NOVA: Tell us about your current excavation at Giza. Does it stem from a
desire to define who built the pyramids and how they were built?
LEHNER: I started asking new questions. Not who built the Sphinx, and how
were the pyramids built, but where are all the people? It seemed to me that
200 years of Egyptology had focused on pyramids, tombs and temples, and
hieroglyphic inscriptions, and understandably so. Once you could read those
things, my God, they were speaking to you in every tomb and temple wall. But
if in fact as Herodotus said, there were 100,000 people—Herodotus the Greek,
who wrote about 450 B.C.—if it took 100,000 people to build the great
pyramid, I started thinking, having started to do some reading in anthropology,
my God, that would be a super city in the third millennium B.C. Where is the
city? How were they fed? How were they housed? Now Egyptologists have more
sober estimates of some 20,000, 30,000, but even that would be a colossal city.
So I started saying, well, we must be missing a whole component of the Giza
Plateau, namely the people who built it, the evidence of their infrastructure.
But it was the geology or the geomorphology, the shape of the landscape, that
gave me the clues.
NOVA: How did the geology of Giza give you evidence of a workforce that built
LEHNER: Basically the quarries tend to be to the south of the pyramids. And
there you have a wadi or a valley that comes into the Giza Plateau from the
Nile flood plain. So it seemed to me that that would be a good conduit for
introducing all the non-local materials. They brought blocks of granite
weighing 60 tons from Aswan 500 miles to the south. They brought enormous
quantities of casing stone from across the river at Tura. Of course they
brought in wood, they brought in gypsum, they brought in people, they brought
in cattle for meat offerings, they brought in grain. I mean it must have been
a huge Cecil B. DeMille kind of scenario when the pyramids were under
But if the quarries are to the south, the conduit for non-local materials was
that valley or wadi, then the depression at the mouth of that wadi must have
been the location of the harbor, which would have been substantial for
unloading blocks of granite weighing 60 tons, for example. How did they do
that? That's itself a mystery. But then I look out beyond that to the south
and the southeast, and I said, you know, the infrastructure for the workforce
must be out there. And lo and behold, right at the mouth of the wadi is this
colossal stone wall, that in Arabic is called Wall of the Crow. It's never
really been adequately explained. Why is it there? If it were anywhere here
in the United States they would build a national park around it. But out there
it's dwarfed by the pyramids, and yet it's two football fields in length, this
stone wall, made out of blocks of stone as big as those in some of the pyramids
and temples. Well, we started our excavations to the south with the hypothesis
that that's where the workman's infrastructure is, because it's beyond the
quarry, beyond the delivery area, beyond the workyard. Now we've opened three
places in the desert, and we found very interesting remains that probably
relate to the infrastructure behind the pyramids. But we have not found, so
far, housing for workmen. One of the places we opened, we found these two
NOVA: How did you know exactly where to begin digging?

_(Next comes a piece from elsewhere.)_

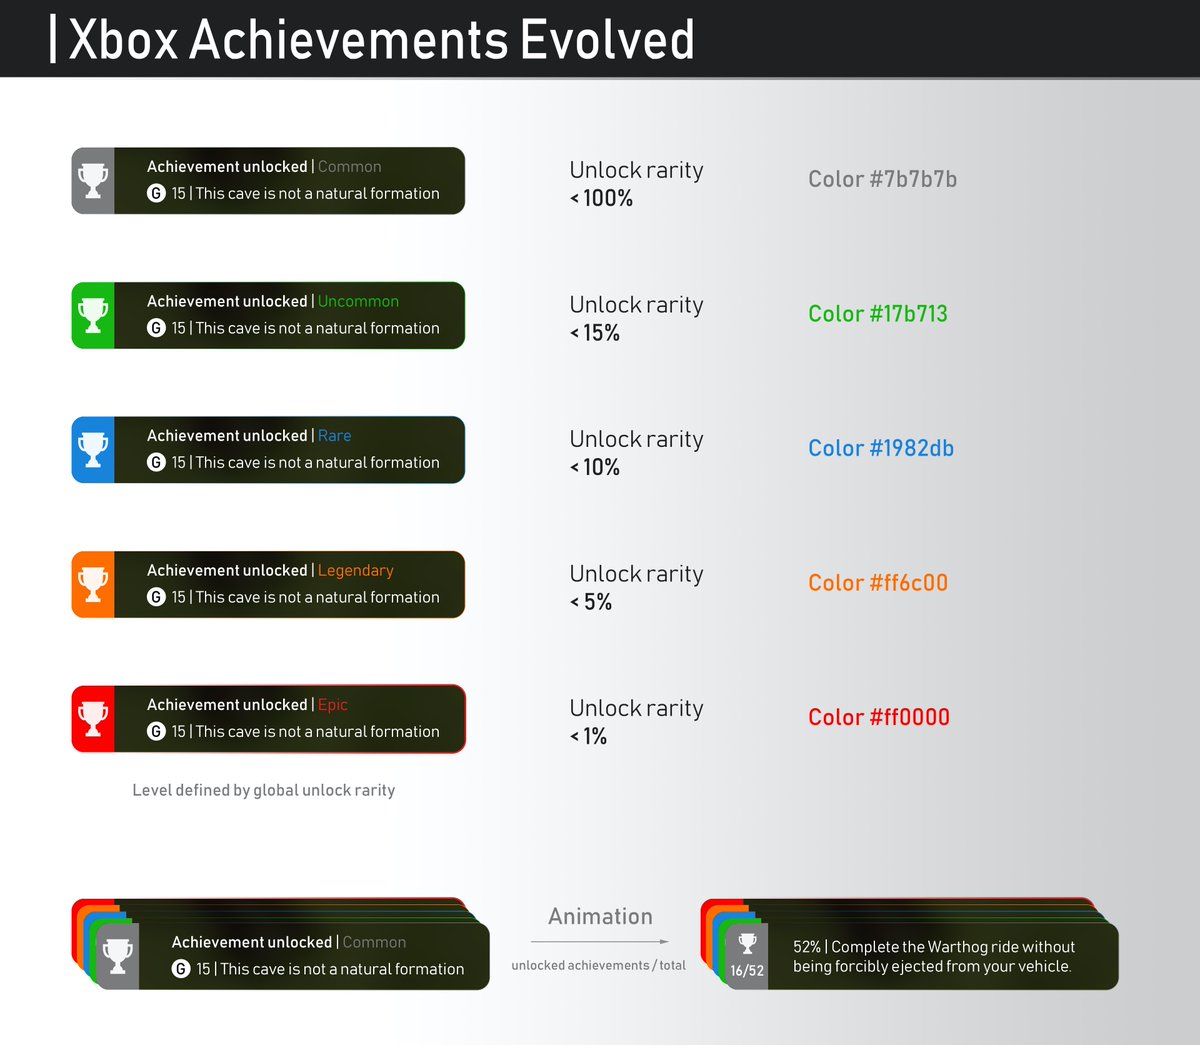 Klobrille опубликовал концепт системы достижений Xbox

LEHNER: The reason we opened, peeled back the sand in this particular place,
is because a backhoe had come, a mechanized backhoe, and gouged a huge hole in
the desert, and we saw it cut right through ancient walls. Pottery from the
time of the pyramids was just spilling out of the section left by this backhoe.
So we cleaned up the area around this trench and we found walls running in all
directions, well laid out to the cardinal directions running north, south,
east, west, and forming rooms. Well, two of those rooms happened to be side by
side bakeries, where they baked bread in these large bell-shaped pots.
NOVA: How do you know the bell-shaped pots were used for baking bread?
LEHNER: We knew that these were bread pots from way back when, because they're
shown in tomb scenes being used for baking bread, in a very peculiar way, where
they stack them up over an open fire, apparently to pre-heat them. Then they
put them in the ground and they pour in the dough. And you know, that's the
marvelous thing about Egyptian tombs, speaking somewhat flippantly, it's almost
like a Sears Roebuck catalog. They actually show all the steps of baking with
these bread pots. And they say, stack heating the pots, the little
hieroglyphs, pouring the dough, adding the leaven, emptying the pots. And
that's the marvelous thing about doing Egyptian archaeology. So it was a
wonderful find. And it really forced us to look at these two small rooms,
which are about the size of a good walk-in closet, in great detail.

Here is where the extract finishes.